◆ DATA SUPPLIED:
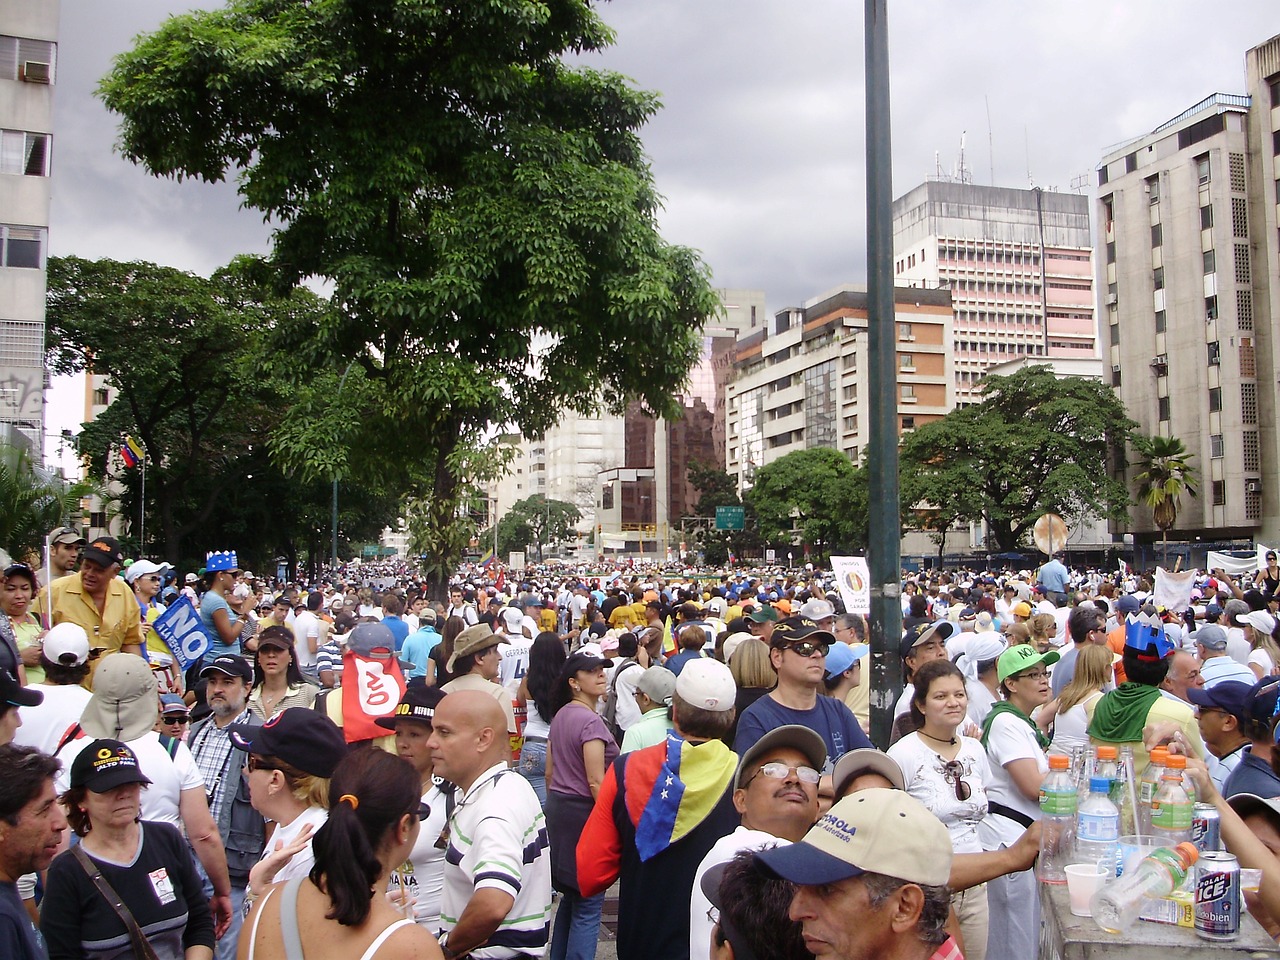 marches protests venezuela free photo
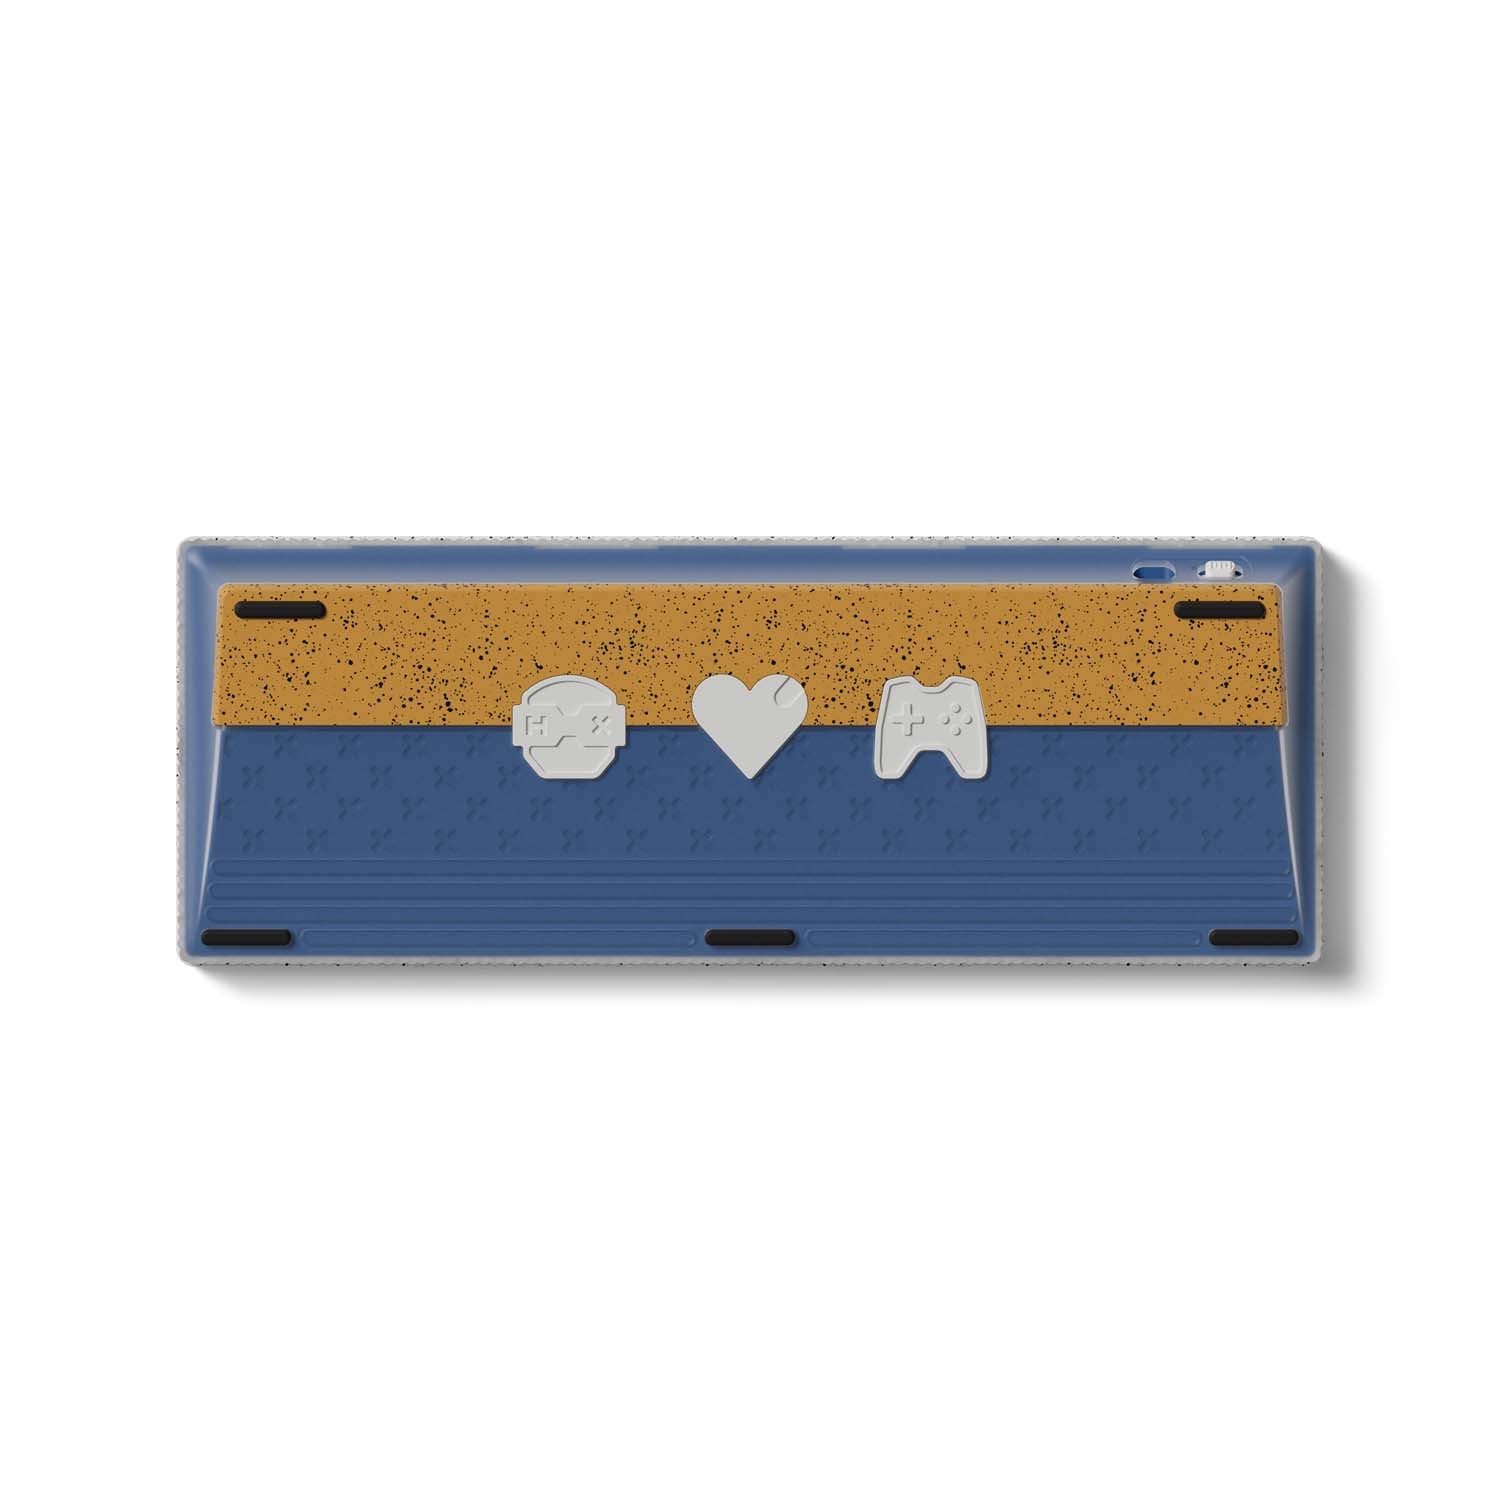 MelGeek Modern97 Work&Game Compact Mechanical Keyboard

--

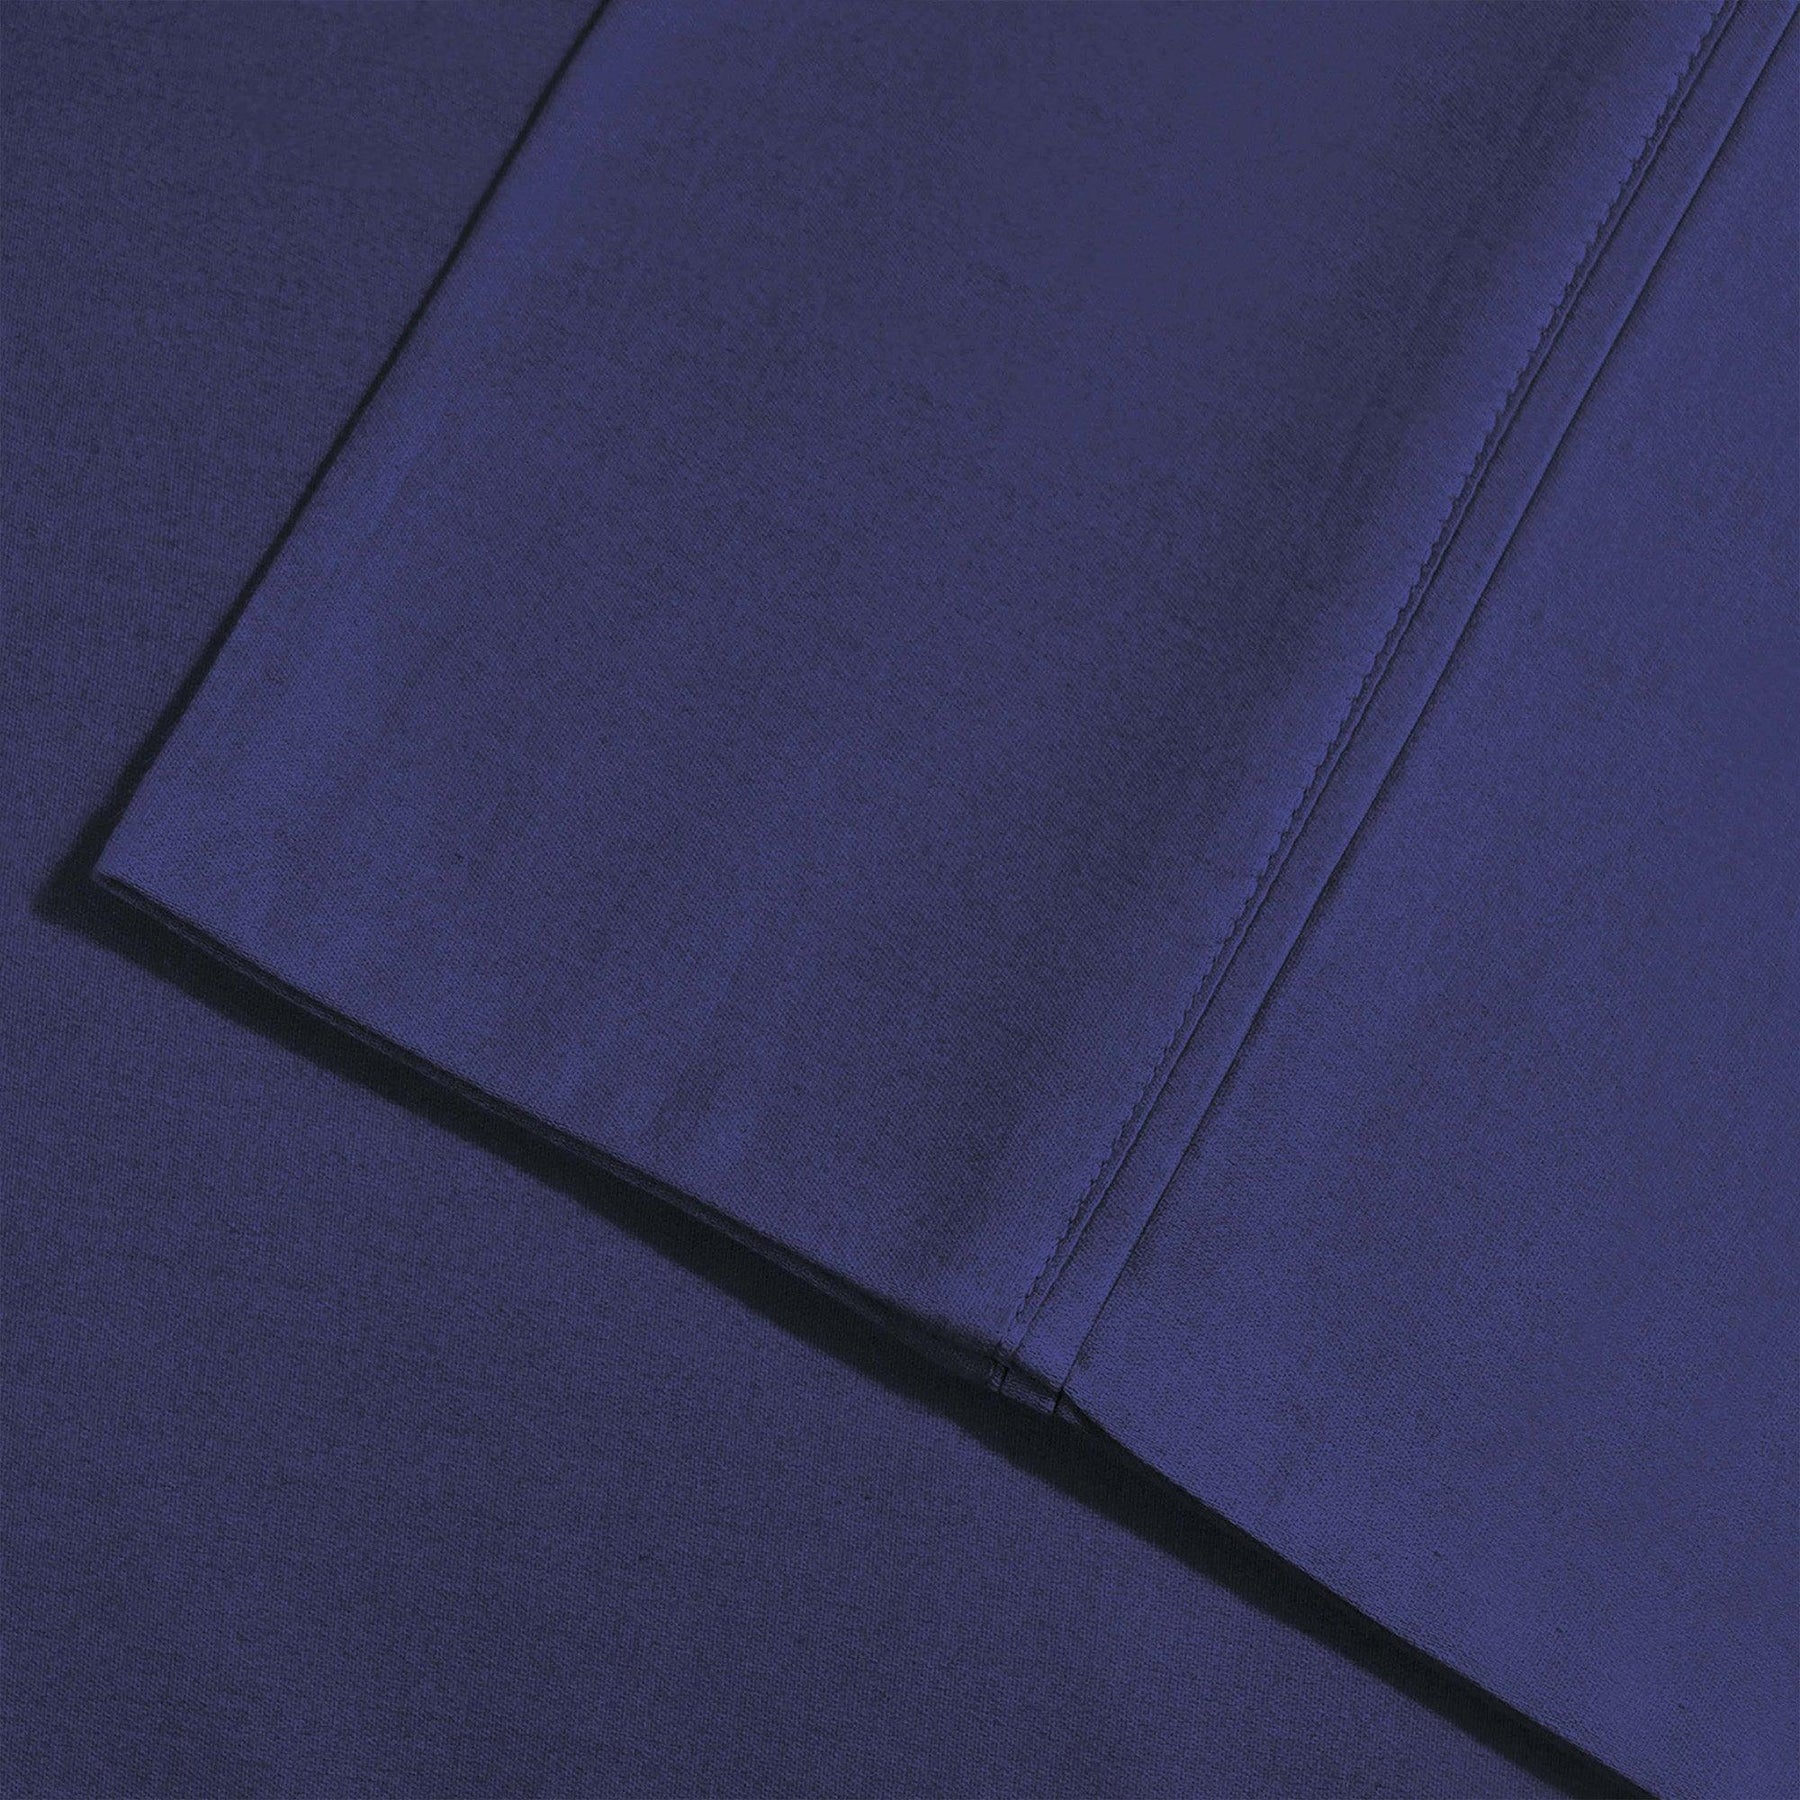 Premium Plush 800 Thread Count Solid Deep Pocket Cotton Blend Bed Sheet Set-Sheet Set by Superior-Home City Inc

◆ WHAT IS NEEDED:
Transcribe, word for word, the lines of the listing above from the one that contains "marches protests venezuela free photo" through the one that contains "MelGeek Modern97 Work&Game", keeping both ends and dropping the pictures.

◆ ANSWER SECTION:
 marches protests venezuela free photo
 MelGeek Modern97 Work&Game Compact Mechanical Keyboard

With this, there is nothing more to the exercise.